Archéologie : l’une des plus anciennes mosquées au monde découverte en Israël

Archéologie : l’une des plus anciennes mosquées au monde découverte en Israël
Les fondations de l'édifice ont été identifiées sous une autre mosquée du VIIIe siècle, construite au début de la période islamique ©Université hébraïque de Jérusalem

Les archéologues pensaient jusque-là avoir à faire à un marché byzantin converti plus tard en mosquée. Les vestiges mis au jour à Tibériade (Israël) sont en réalité ceux d'une mosquée érigée au VIIe siècle, sans doute l'une des plus anciennes découvertes à ce jour.

La mosquée aurait apparemment été construite aux alentours de 660-680 ap. J.-C., à peine une génération après la mort du prophète Mahomet. Érigée à Tibériade, près de la mer de Galilée, elle a pu être datée grâce à des morceaux de céramique et des pièces incrustées dans les fondations. Elle correspond à la période de l’occupation de la ville byzantine de Tibériade par les forces musulmanes, qui l’ont conquise en 635. D’après Katia Cytryn-Silverman, experte en archéologique islamique de l’Université hébraïque de Jérusalem et directrice des fouilles, il s’agirait d’un des plus anciens lieux de culte islamiques connus.

Les débuts de l’Islam

Le site d’Al-Juma, situé dans le Nord de Tibériade, est exploré depuis les années 1950. Il y a onze ans, les archéologues y ont mis au jour les vestiges d’une mosquée du VIIIe siècle, érigée sous la dynastie des Omeyyades (650-750 après J.-C.). Des fondations, découvertes alors dans les couches plus anciennes du site, avaient été attribuées à un ancien marché byzantin qui aurait donc été transformé en lieu de culte. Les dernières études menées par une équipe de l’Université hébraïque de Jérusalem ont permis d’établir qu’il s’agissait en réalité de vestiges d’une mosquée antérieure, construite probablement une cinquantaine d’années auparavant.

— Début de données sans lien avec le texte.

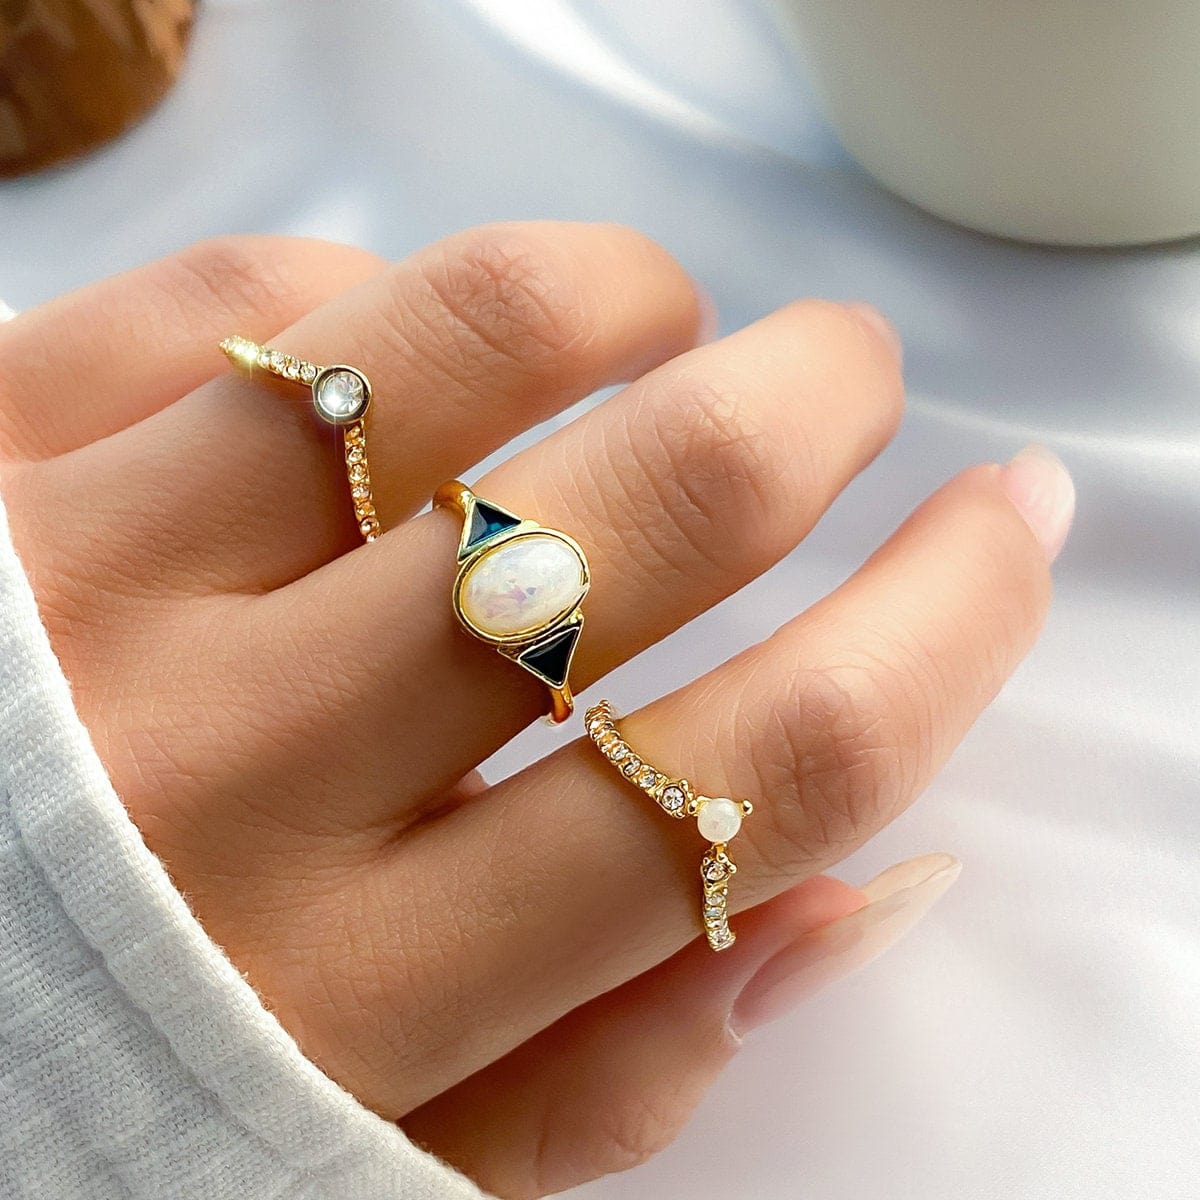 Chic CZ Inlaid 3 In 1 Pearl Charm Ring Set
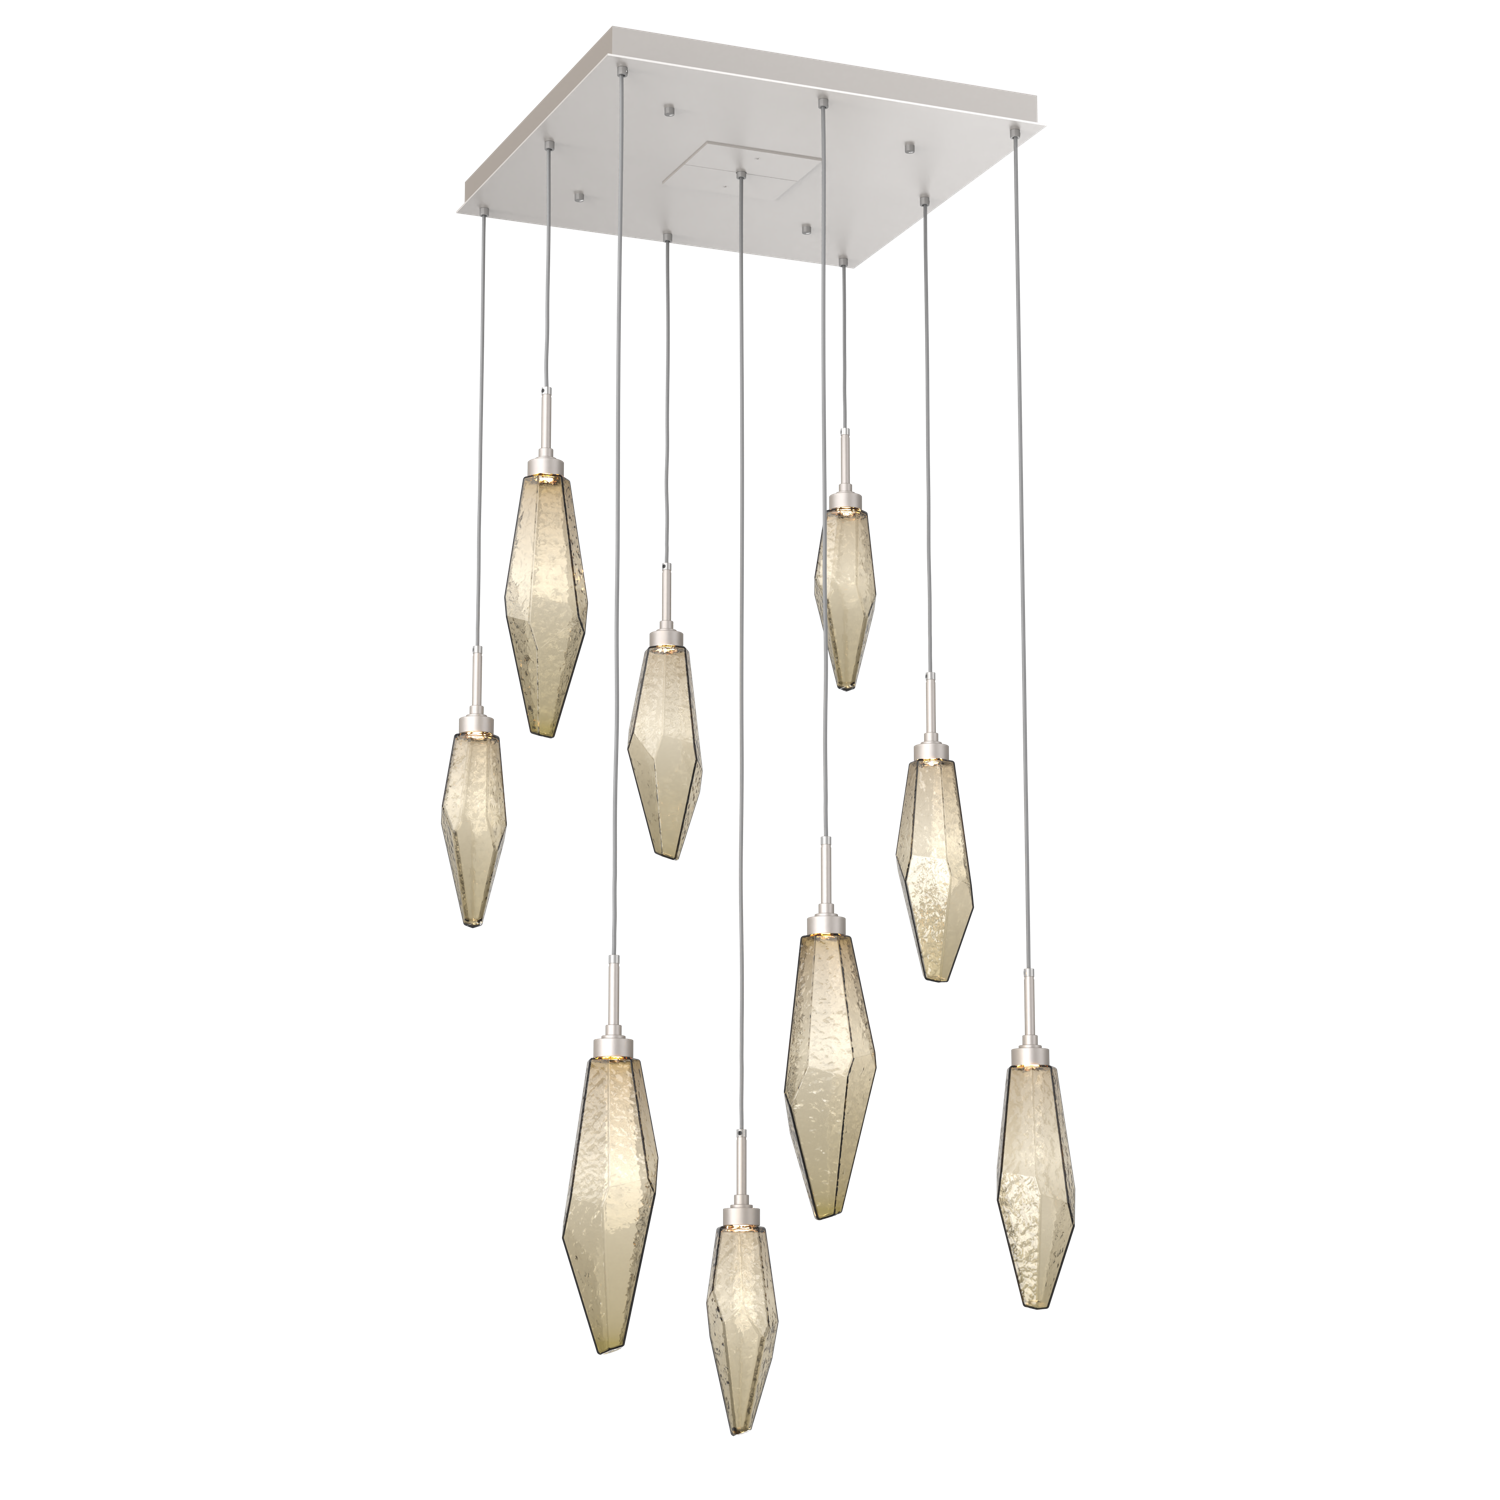 CHB0050-09-BS-CB-Hammerton-Studio-Rock-Crystal-9-light-square-pendant-chandelier-with-beige-silver-finish-and-chilled-bronze-blown-glass-shades-and-LED-lamping

Cette découverte va permettre d’approfondir nos connaissances actuelles sur les débuts de l’Islam et ses premiers lieux de culte. En effet, la plupart des mosquées, comme celles de Médine, de Damas ou la mosquée Al-Aqsa de Jérusalem, sont aujourd’hui des lieux de pèlerinage, ou de culte, très fréquentés qu’il est impossible de transformer en chantiers archéologiques, contrairement au site de Tibériade. L’étude de ces vestiges va notamment apporter un nouvel éclairage sur la question de l’orientation des mosquées, traditionnellement tournées en direction de la Mecque. Les archéologues ne s’accordent, en effet, toujours pas sur la date à partir de laquelle ceci est devenu la norme pour les lieux de culte musulmans. L’étude des fondations de la première mosquée de Tibériade et des vestiges de celle, plus monumentale, qui l’a remplacée 50 ans plus tard, va également permettre de mesurer l’ampleur des transformations architecturales et des évolutions cultuelles sous-jacentes. Interrompues à cause des restrictions sanitaires, les fouilles du site devraient reprendre dans le courant du mois de février.

Tibériade et l’âge d’or de la cohabitation

L’identification de cet ancien lieu de culte permet également de documenter l’histoire de la ville de Tibériade. Les premières études révèlent que la mosquée s’insérait dans un tissu de résidences secondaires construites à l’époque des premiers califes. Fondée en 26 ap. J.-C., par Hérode Antipas, qui administre la région pour le compte de l’Empire romain, la ville est nommée d’après l’empereur romain Tibère. Elle tombe aux mains des musulmans en 635, sans que ces derniers n’aient apparemment cherché à imposer l’Islam dans la cité. En effet, les archéologues ont observé une certaine réserve architecturale qui montre une volonté de s’insérer dans le maillage religieux diversifié de la ville. « Ils ne détruisaient pas les lieux de culte des autres, ils s’inséraient au contraire dans les sociétés dont ils prenaient le contrôle », explique Katia Cytryn-Silverman.

La ville avait en effet été un épicentre du développement du judaïsme au cours des cinq siècles précédant la conquête par les musulmans. Des lieux de culte chrétiens parsemaient également la côte de la mer de Galilée, où elle se trouve. Cela prouve que, contrairement à ce que pensaient les chercheurs jusque-là, les musulmans n’ont pas semé le chaos en détruisant Tibériade lorsqu’ils se sont emparés de la ville, bien au contraire. Katia  Cytryn-Silverman parle même d’un « âge d’or de la cohabitation » après la conquête.